- ICH GCP
- US Clinical Trials Registry
- Clinical Trial NCT00549406
Visual Training Program to Improve Balance and Prevent Falls in Older Adults
Visual Processing and Postural Reactions: Development and Pilot Testing of a "Visual Training" Program to Improve Balance Control and Prevent Falls in Older Adults
Study Overview
Status
Conditions
Detailed Description
Balance reactions that involve rapidly stepping or reaching to grasp a handrail or other objects for support play a crucial role in preventing us from falling when we lose our balance. However, to recover balance successfully, the central nervous system has to be able to control the stepping or grasping movement to deal with "environmental constraints" (i.e. objects and architectural features that can obstruct stepping or serve as handholds to grasp), and hence must somehow monitor the location of potential constraints as we move about in our daily lives. The need to monitor these environmental features suggests a critical role for visual attention, gaze control, and spatial memory, all of which are known to decline with aging. Although no studies have examined the effects on balance control, it is known that such deficits can impair other motor behaviors such as driving and can be successfully countered using a computer-based "visual training" intervention designed to improve the ability to rapidly extract information from the peripheral visual field (the so-called "Useful Field of View", or UFOV).

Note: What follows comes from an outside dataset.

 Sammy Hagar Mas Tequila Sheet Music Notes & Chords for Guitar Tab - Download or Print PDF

The proposed research will use an analogous approach to improve balance control. Specifically, we will test whether: 1) the UFOV® computer-based visual-training program or a commercially available video game leads to improved ability to use peripheral vision to monitor changes in the spatial features of the surrounding environment, and 2) whether such changes in visual processing are associated with improved ability to rapidly reach and grasp a handrail for support, in response to a sudden unpredictable balance perturbation. Older adults with documented deficits in UFOV scores will be randomly assigned to either the visual training (UFOV or video game) or a control group. Each training group will undergo two one-hour sessions per week, for five consecutive weeks. Neither group will be given any information as to which training method is expected to be more beneficial.

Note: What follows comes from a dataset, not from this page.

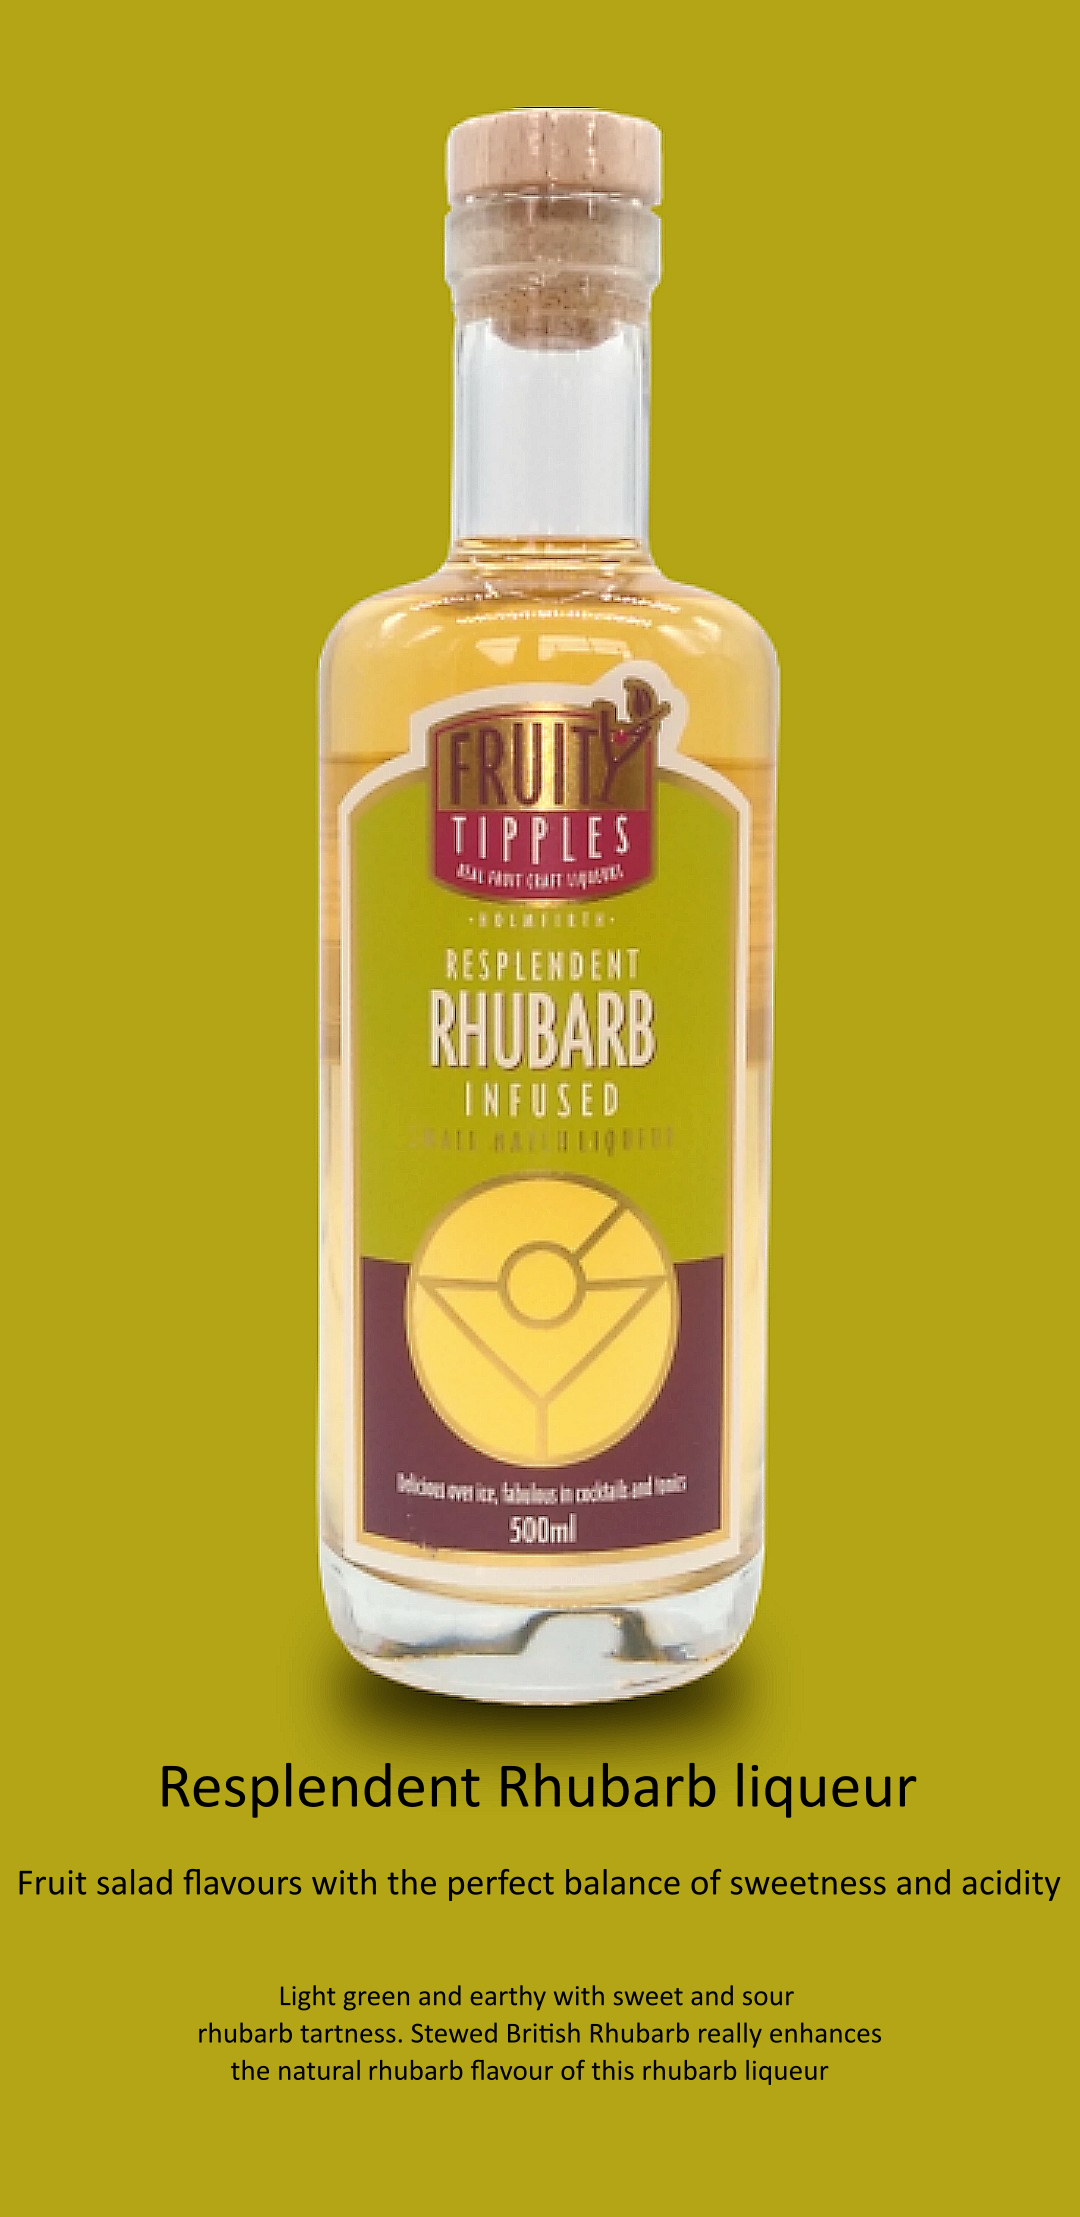 Rhubarb Liqueur by Fruity Tipples

Participants in the experimental group will complete either the computerized UFOV® speed-of-processing intervention or the video game training intervention. This UFOV intervention focuses on the ability to quickly identify and locate visual targets presented (for brief time intervals) in the central and peripheral visual fields. The training challenges the participant to identify the target(s) in the briefest display duration possible, within increasingly difficult task conditions. Difficulty of the training task is increased by making it more difficult to identify the central target, decreasing the duration of target presentation time, increasing the number of tasks to complete simultaneously, adding distracters, and increasing the eccentricity (visual angle) of the peripheral targets.
Participants in the video game training group will participate in game play sessions using a cartoon-based action video game with increasing levels of challenge and difficulty.
Participants in the control group will complete timed computerized word puzzles during the training sessions. This cognitive task involves levels of social interaction and computer use similar to the experimental group, but is not expected to yield improvements in ability to rapidly process peripheral visuospatial information.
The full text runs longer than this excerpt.